多くの盲ろう者はもともと視覚障害者あるいは聴覚障害者であり、 その後もう一方の感覚を失って盲ろう者となる人がほとんどです。 そのため、盲ろう者のコミュニケーション方法は大きくふたつに分けられます。 もともと盲人だった人は話し言葉には慣れていますから、 聞こえなくなってからも日本語の話し言葉に比較的近い方法で コミュニケーションします。
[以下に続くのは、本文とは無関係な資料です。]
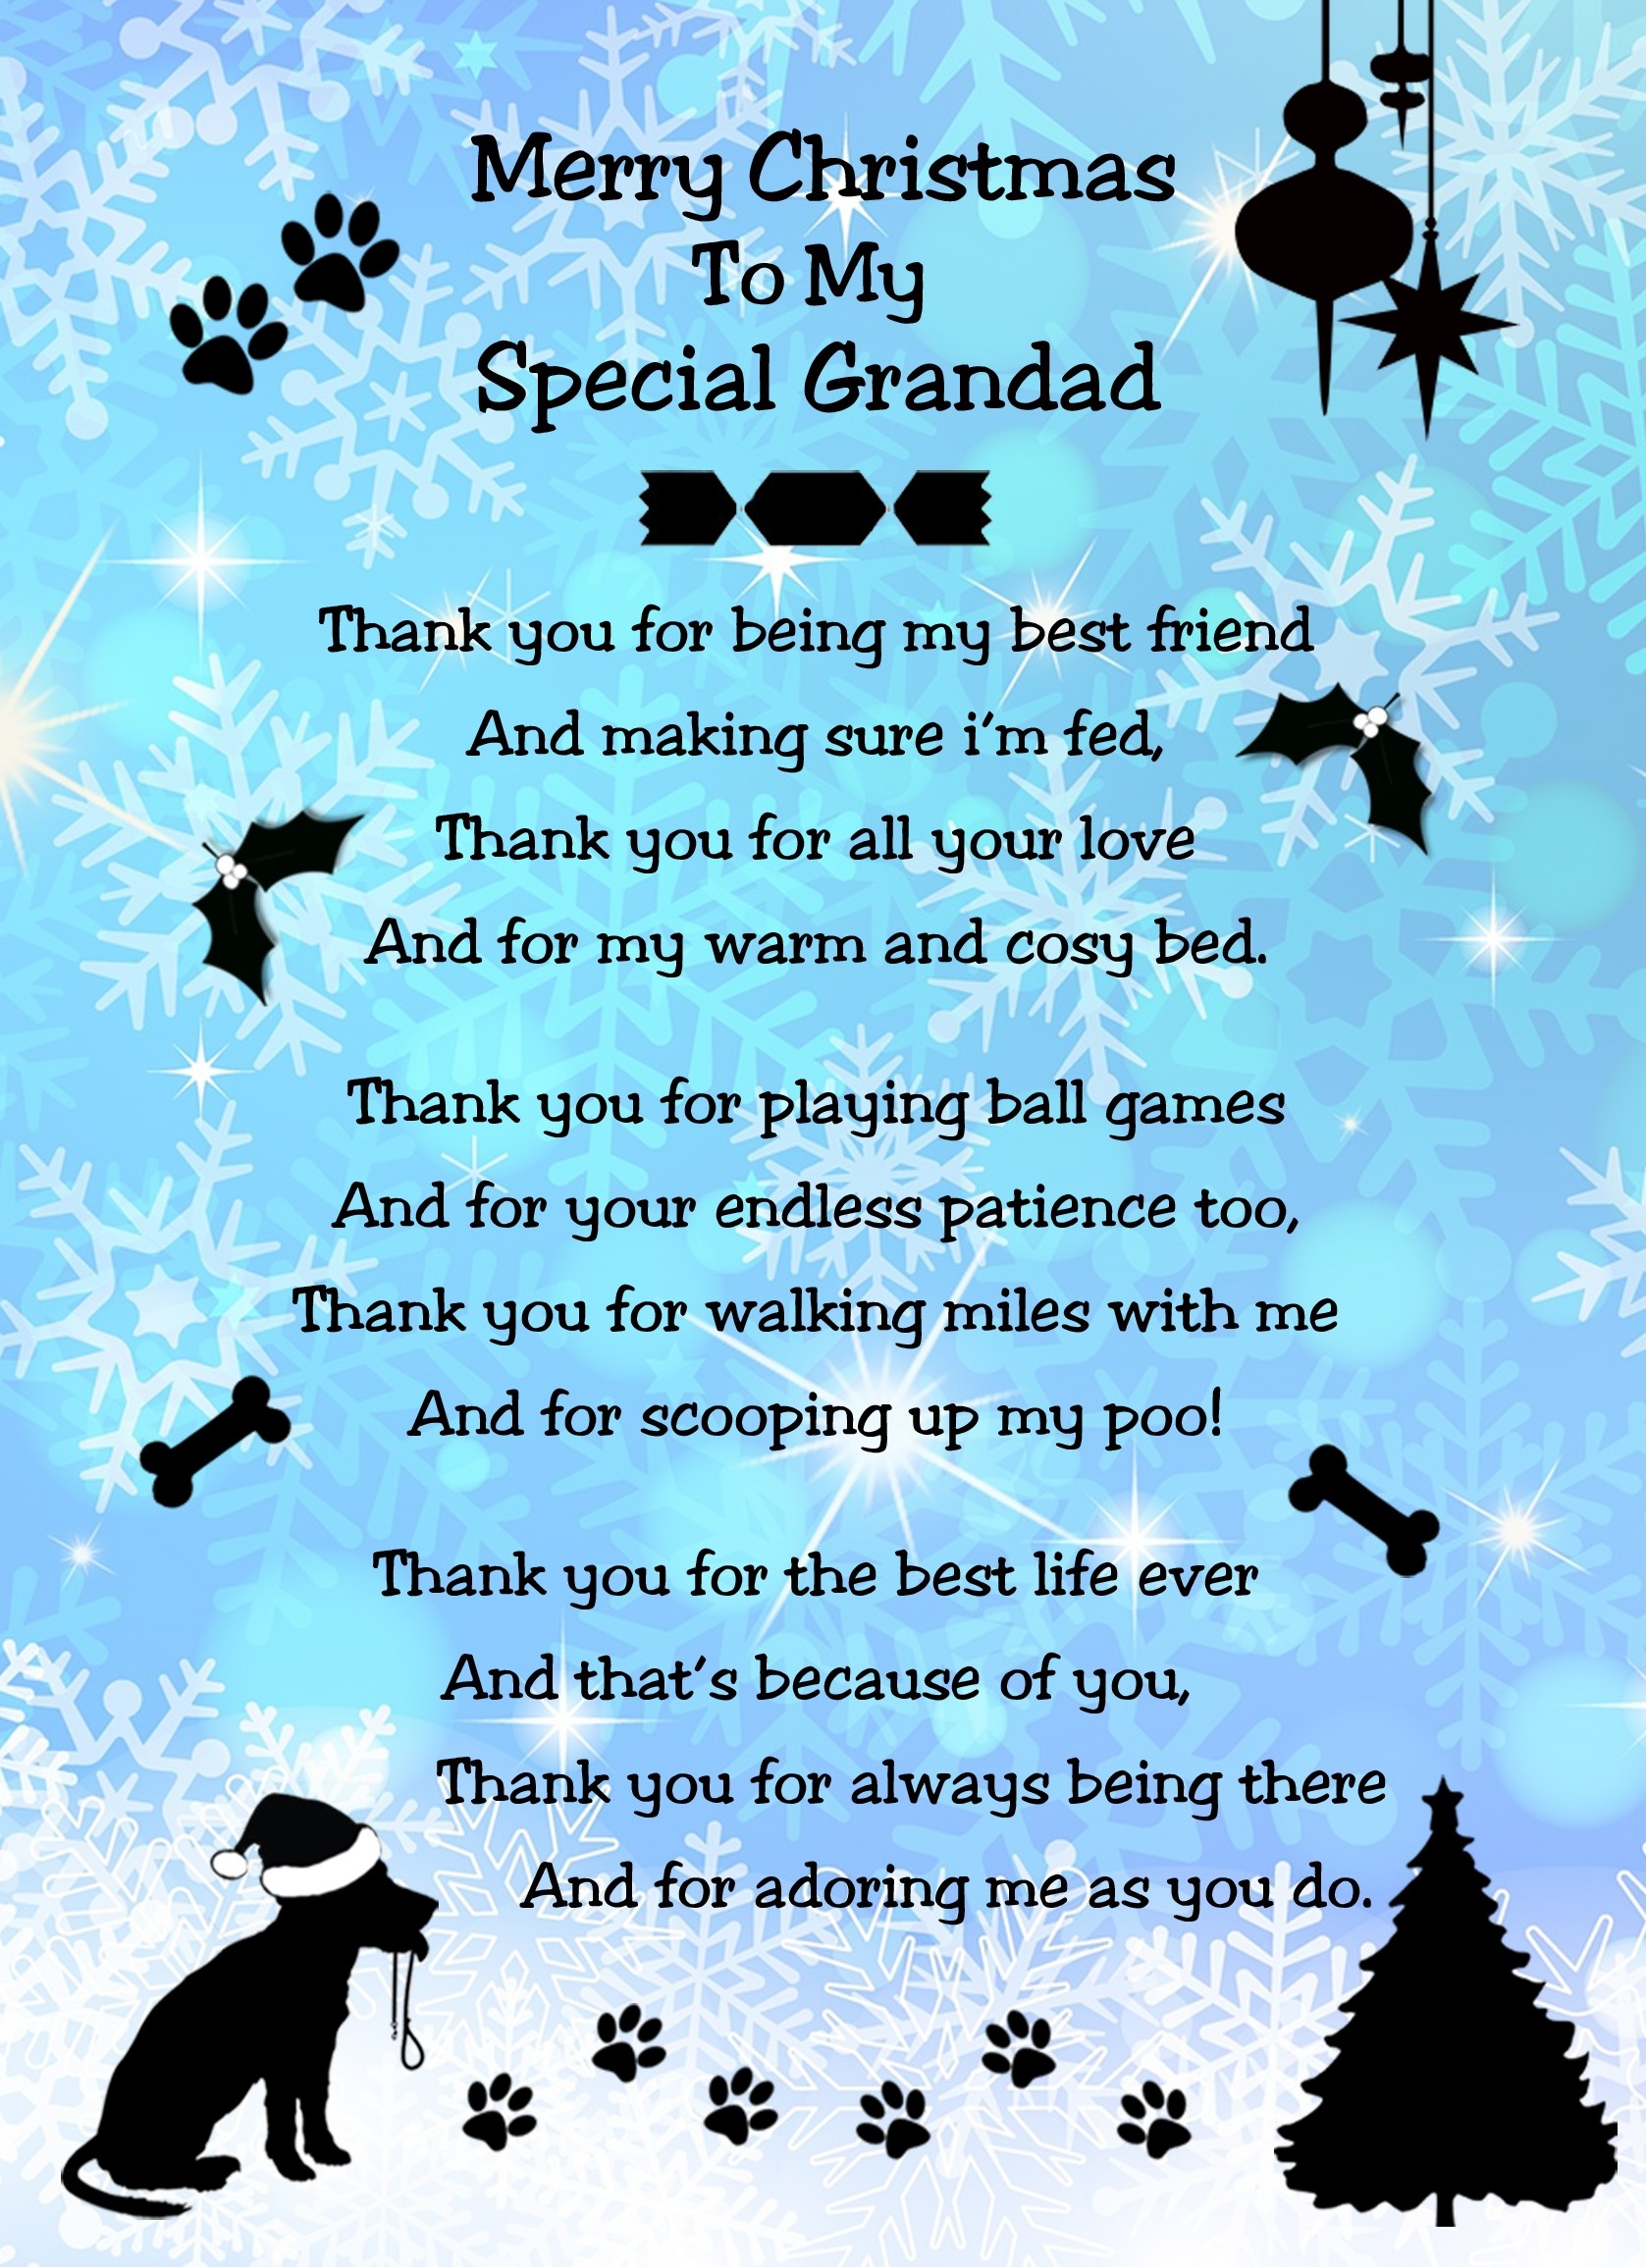 From The Dog Verse Poem Christmas Card (Special Grandad, Snowflake, Merry Christmas)

このような人は「盲ベースの」盲ろう者と呼ばれます。 いっぽう、もともとろう者で手話を使っていた人は 失明してからも手話を使ってコミュニケーションします。 このような手話は見るのではなくさわって理解するので 「触手話」とも呼ばれます。 盲ベースの盲ろう者には、聞こえなくても話すことができたり、 点字を指で表現する「指点字」を使っている人がいます。 日本では、指点字の考案者として福島智さんが有名です。

2. 視覚障害者の生活

2.1. 移動

移動は視覚障害者にとって最大の問題のひとつです。 多くの弱視者は自力で移動することができますが、盲人の場合はそうはいきません。 盲人の中には、ほとんど家から出ない人もいますが、 誰かと一緒であれば外出するという人は比較的多いようです。 誰かと一緒に移動するケースには、家族や友人・知人と連れ立って出かける場合と、 認定されたガイドヘルパーに来てもらって出かける場合があります。 さらに、単独でも白杖・盲導犬を使って出歩く人がある程度います。 ここでは、単独で移動するケースを中心に説明します。 ガイドヘルパーは都道府県が認定する制度であり、 その資格や派遣の内容は各自治体によって異なります。

2.1.1. 徒歩による移動

盲人が徒歩で出かける場合は、白杖 (はくじょう) または 盲導犬を利用します。 白杖や盲導犬を利用して徒歩で移動することを 「自立歩行」と呼びます。

白杖

使い方だけをみれば、盲人にとって白杖と盲導犬は同じような存在です。 ただし盲導犬は訓練にとても費用がかかるため、 現在のところ日本全国で数百頭しか存在しません。 そのため、盲人の中で盲導犬を使っている人の割合は数十人に1人程度です。 いっぽう白杖は入手しやすいことから、1人で何本もの白杖を持っている人もいます。 いずれにせよ、盲人が単独で歩けるようになるためには訓練が必要です。 視力を失った後、一人で歩けるようになるためには、白杖を使った場合で 約1ヶ月から3ヶ月間の歩行訓練、盲導犬を利用する場合は、 相手となる犬と一緒に1ヶ月間ほど泊り込みの訓練を受ける必要があります。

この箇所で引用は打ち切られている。